WORK TO COMPLETE: All the lines below should appear again unchanged, though their pictures should not.
*** INFORMATION SUPPLIED Section Begins ***
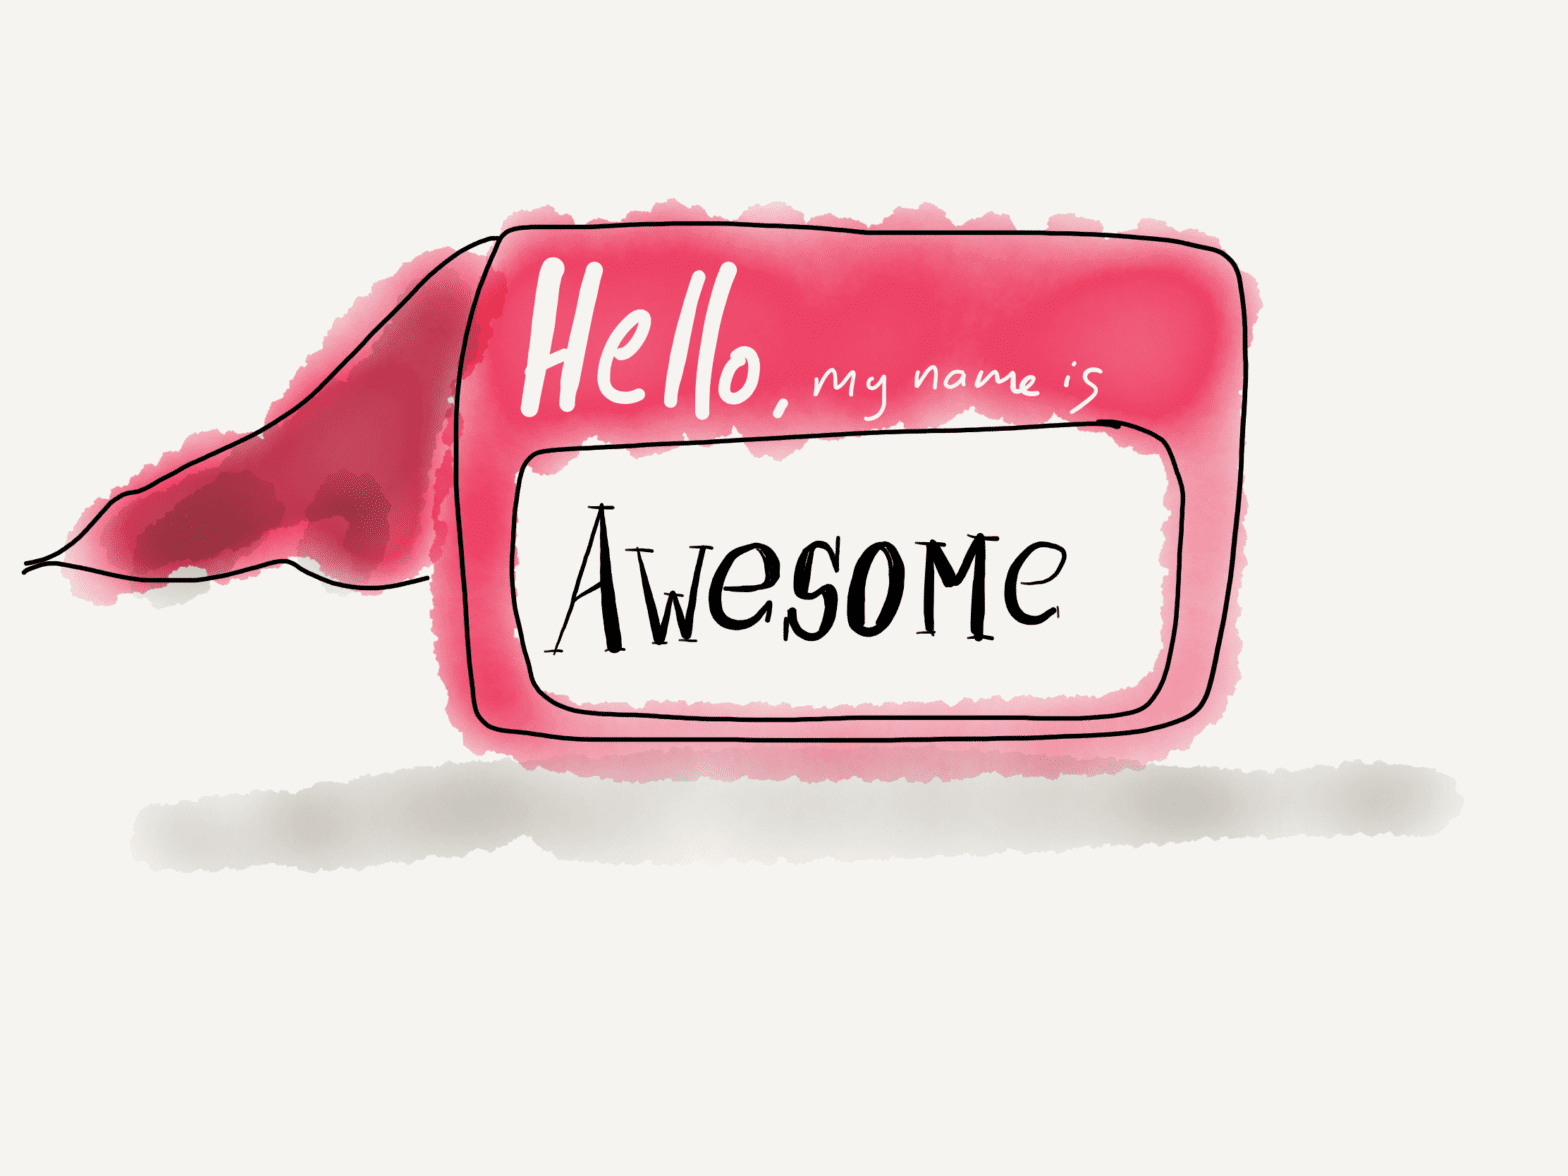 Hello my name is awesome book summary hero image
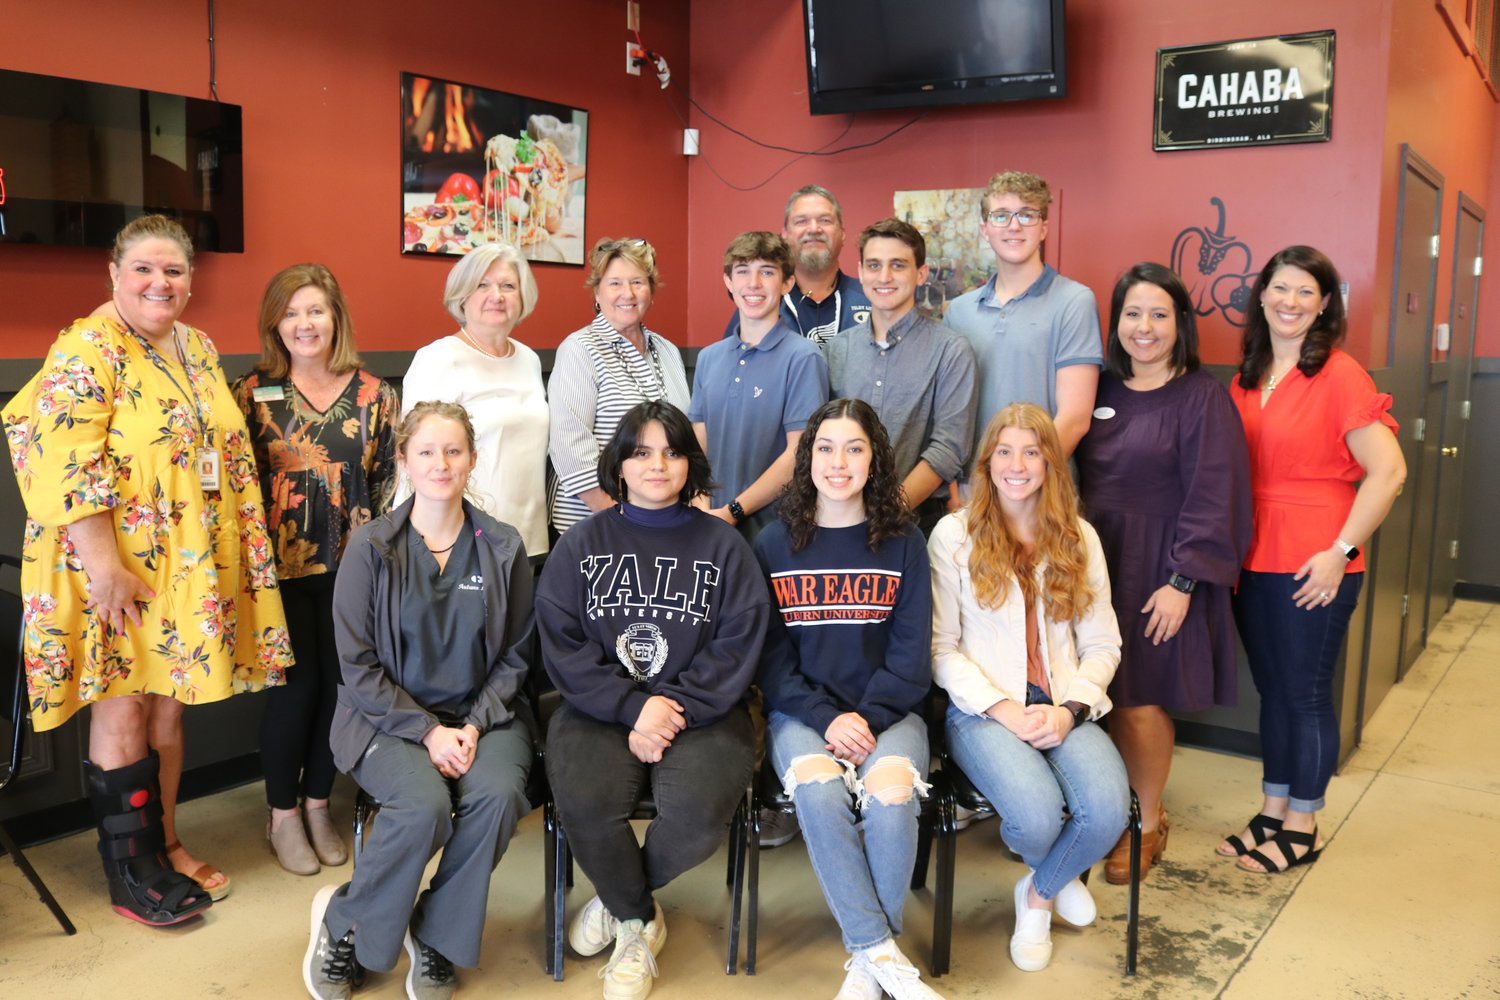 Pictured here, back row, from left: Wendy O'Toole, FHS Class of 2022 Counselor; Terry Burkle, Executive Director, Baldwin County Education Coalition; Lolly Holk, JaNay Dawson, Baldwin County Board of Education District 4; FHS student Ryder Burns; FHS Principal Russ Moore; FHS student Dylan Spivey, FHS student Jack McCoy, Kylee Raulerson, Executive Director, South Baldwin Chamber Foundation; and Carla Holk. Front row, from left: FHS student Autumn Lowery; FHS student Stephanie Pineda; FHS student Ella Cleverdon; and FHS student Hannah Cole. Not pictured, FHS student Cooper Niebuhr.
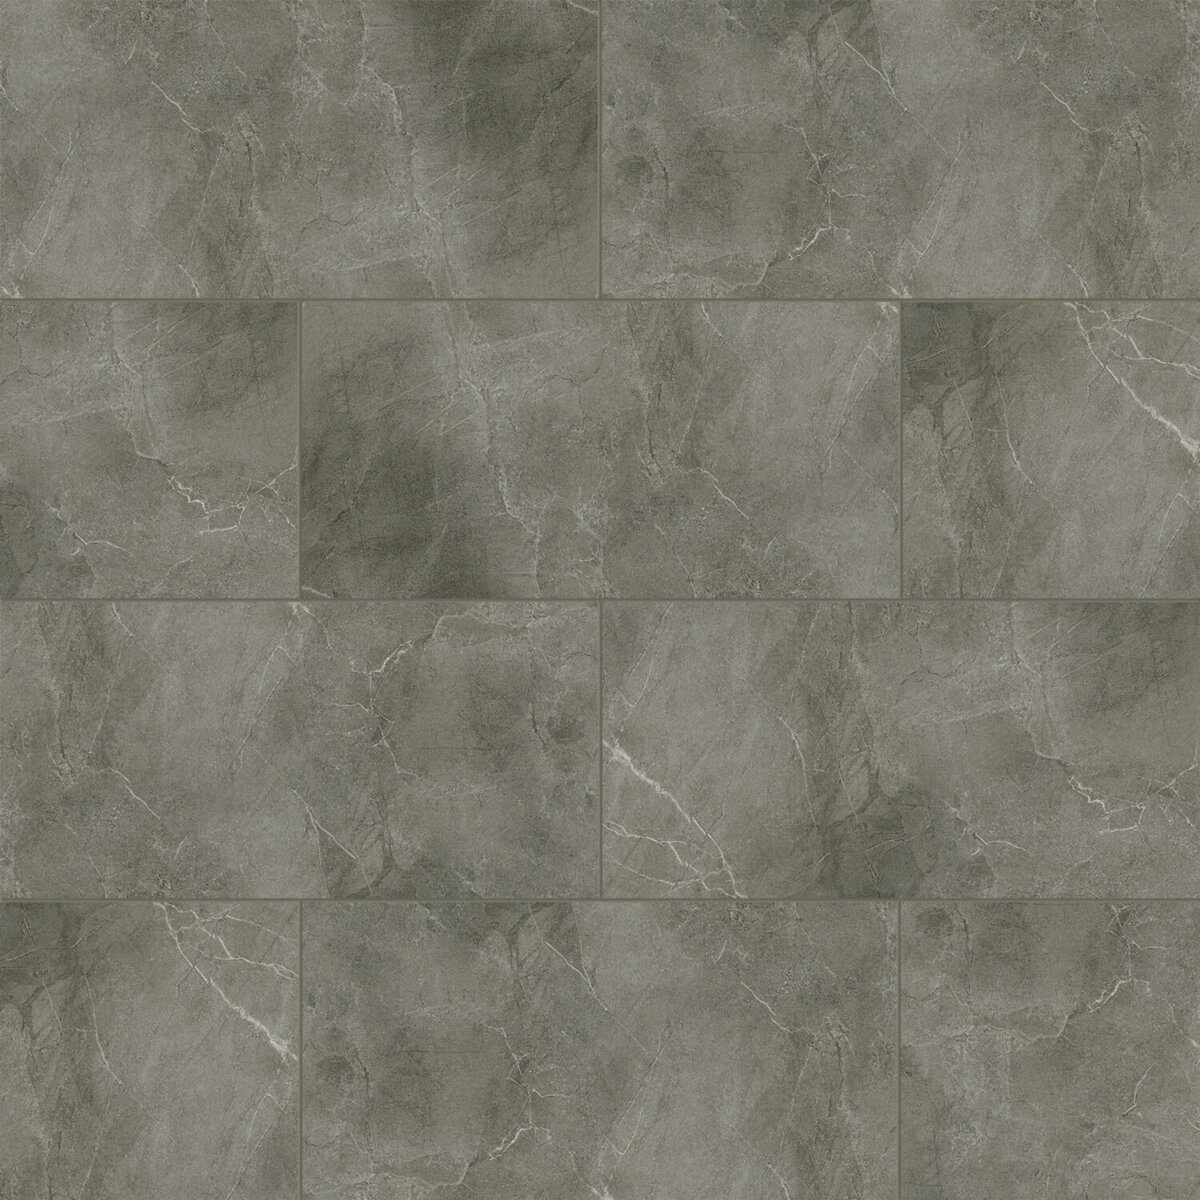 Essence Scarborough Rock Grey SR Rectified 600x1200mm_Stiles_Product_Image
*** INFORMATION SUPPLIED Section Ends ***
SOLUTION TO THIS PROBLEM:
 Hello my name is awesome book summary hero image
 Pictured here, back row, from left: Wendy O'Toole, FHS Class of 2022 Counselor; Terry Burkle, Executive Director, Baldwin County Education Coalition; Lolly Holk, JaNay Dawson, Baldwin County Board of Education District 4; FHS student Ryder Burns; FHS Principal Russ Moore; FHS student Dylan Spivey, FHS student Jack McCoy, Kylee Raulerson, Executive Director, South Baldwin Chamber Foundation; and Carla Holk. Front row, from left: FHS student Autumn Lowery; FHS student Stephanie Pineda; FHS student Ella Cleverdon; and FHS student Hannah Cole. Not pictured, FHS student Cooper Niebuhr.
 Essence Scarborough Rock Grey SR Rectified 600x1200mm_Stiles_Product_Image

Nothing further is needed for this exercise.